▶ [WHAT NEEDS TO BE DONE]: Take the line that contains "Wśród ideałów - nie" as the first line and the last line of the records as the end. Please set down everything in that range exactly.

▶ [GIVEN DATA]:
++++

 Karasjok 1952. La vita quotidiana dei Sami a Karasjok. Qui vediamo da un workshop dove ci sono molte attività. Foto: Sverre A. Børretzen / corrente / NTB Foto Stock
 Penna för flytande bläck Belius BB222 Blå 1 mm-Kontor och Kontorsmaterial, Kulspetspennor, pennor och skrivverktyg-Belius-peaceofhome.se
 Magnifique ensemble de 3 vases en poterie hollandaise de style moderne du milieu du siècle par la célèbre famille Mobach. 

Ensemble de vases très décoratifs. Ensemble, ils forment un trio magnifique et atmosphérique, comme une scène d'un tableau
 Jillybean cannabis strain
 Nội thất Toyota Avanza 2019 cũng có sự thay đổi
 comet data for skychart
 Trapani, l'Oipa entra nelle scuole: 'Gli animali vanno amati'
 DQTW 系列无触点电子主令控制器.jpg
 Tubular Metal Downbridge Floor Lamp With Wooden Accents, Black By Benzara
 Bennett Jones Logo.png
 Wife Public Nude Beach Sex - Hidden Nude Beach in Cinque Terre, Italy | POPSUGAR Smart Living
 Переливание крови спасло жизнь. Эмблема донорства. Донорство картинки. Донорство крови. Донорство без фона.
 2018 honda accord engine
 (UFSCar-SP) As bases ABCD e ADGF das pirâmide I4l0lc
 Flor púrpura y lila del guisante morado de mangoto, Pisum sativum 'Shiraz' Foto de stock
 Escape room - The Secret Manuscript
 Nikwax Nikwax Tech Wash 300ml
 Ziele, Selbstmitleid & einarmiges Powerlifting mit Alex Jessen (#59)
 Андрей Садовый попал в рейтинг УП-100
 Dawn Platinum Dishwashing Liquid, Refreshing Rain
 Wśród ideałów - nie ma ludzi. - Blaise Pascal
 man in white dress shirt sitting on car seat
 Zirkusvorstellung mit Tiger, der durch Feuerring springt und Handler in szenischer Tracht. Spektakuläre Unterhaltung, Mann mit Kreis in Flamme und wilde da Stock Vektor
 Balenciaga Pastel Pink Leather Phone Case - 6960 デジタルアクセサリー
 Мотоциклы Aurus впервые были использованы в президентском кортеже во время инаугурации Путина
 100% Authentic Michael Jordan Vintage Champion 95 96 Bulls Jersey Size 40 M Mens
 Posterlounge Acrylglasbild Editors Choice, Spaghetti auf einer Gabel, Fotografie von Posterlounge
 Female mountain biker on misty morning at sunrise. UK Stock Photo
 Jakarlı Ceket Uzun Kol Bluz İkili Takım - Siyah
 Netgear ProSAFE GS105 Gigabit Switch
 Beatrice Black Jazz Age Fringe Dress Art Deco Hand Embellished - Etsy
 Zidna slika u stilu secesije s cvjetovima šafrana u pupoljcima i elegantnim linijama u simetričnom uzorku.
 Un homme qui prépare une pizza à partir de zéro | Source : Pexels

++++

▶ [RESPONSE AREA]:
 Wśród ideałów - nie ma ludzi. - Blaise Pascal
 man in white dress shirt sitting on car seat
 Zirkusvorstellung mit Tiger, der durch Feuerring springt und Handler in szenischer Tracht. Spektakuläre Unterhaltung, Mann mit Kreis in Flamme und wilde da Stock Vektor
 Balenciaga Pastel Pink Leather Phone Case - 6960 デジタルアクセサリー
 Мотоциклы Aurus впервые были использованы в президентском кортеже во время инаугурации Путина
 100% Authentic Michael Jordan Vintage Champion 95 96 Bulls Jersey Size 40 M Mens
 Posterlounge Acrylglasbild Editors Choice, Spaghetti auf einer Gabel, Fotografie von Posterlounge
 Female mountain biker on misty morning at sunrise. UK Stock Photo
 Jakarlı Ceket Uzun Kol Bluz İkili Takım - Siyah
 Netgear ProSAFE GS105 Gigabit Switch
 Beatrice Black Jazz Age Fringe Dress Art Deco Hand Embellished - Etsy
 Zidna slika u stilu secesije s cvjetovima šafrana u pupoljcima i elegantnim linijama u simetričnom uzorku.
 Un homme qui prépare une pizza à partir de zéro | Source : Pexels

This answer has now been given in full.